╭─ Dataset entries

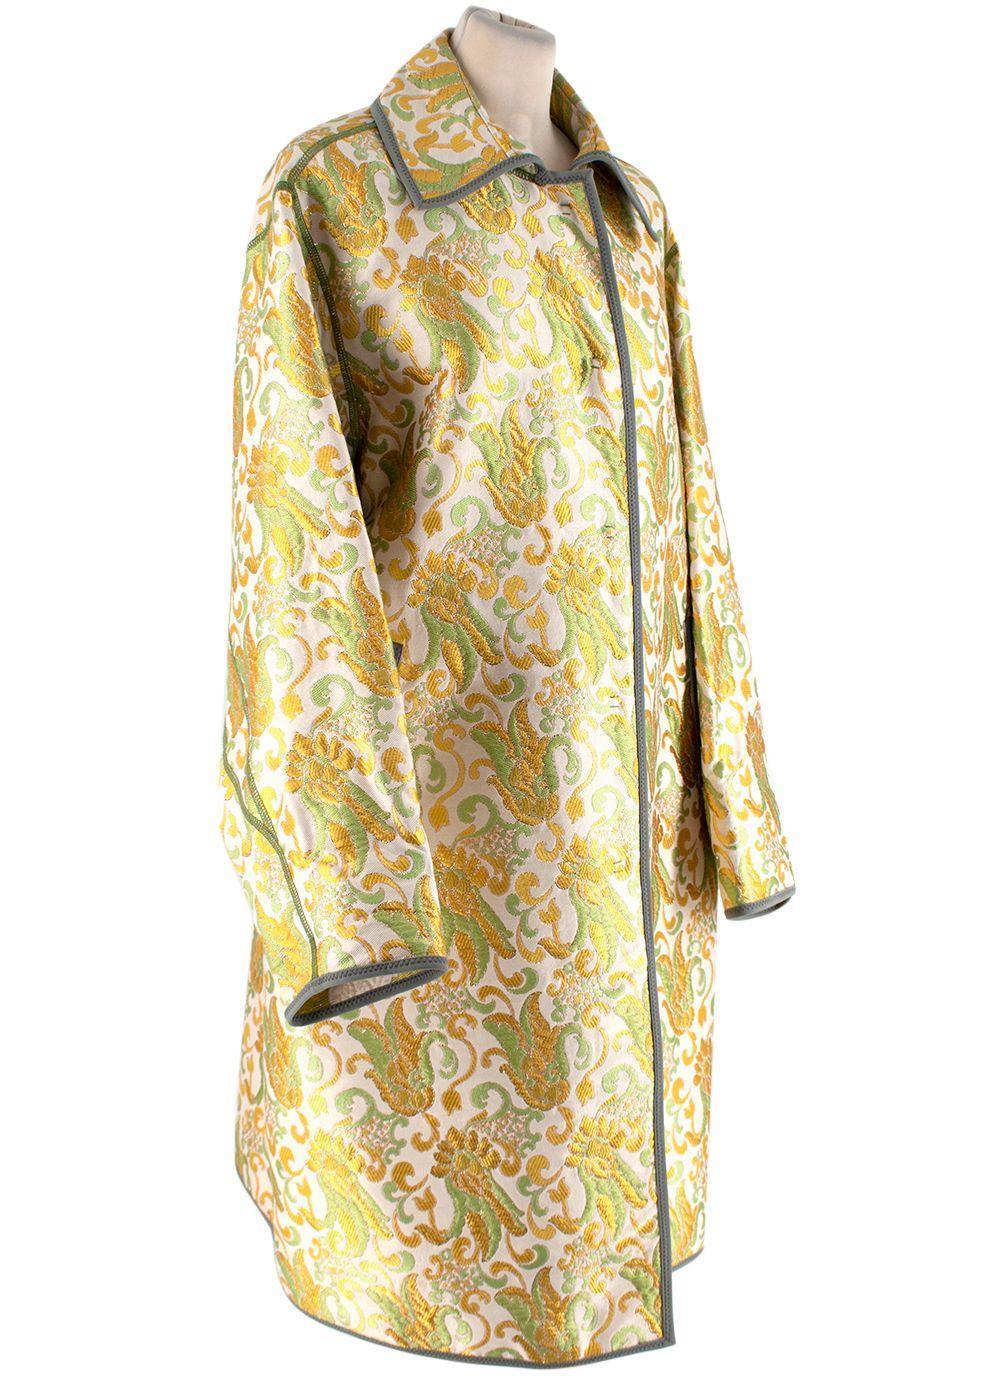 Prada Yellow & Green Damask Jacquard Coat

- Vibrant damask cloth in spring-like yellow and green hues, with a subtle metallic thread running through
- Contrast bound edges
- Classic point collar, concealed popper fastening
- 2 inset hip pockets
-

╰─

_Task requirements_
Would you repeat the lines from the one containing "- Vibrant damask" through the end of the data, exactly, with nothing before or after them?

_Result for this exercise_
- Vibrant damask cloth in spring-like yellow and green hues, with a subtle metallic thread running through
- Contrast bound edges
- Classic point collar, concealed popper fastening
- 2 inset hip pockets
-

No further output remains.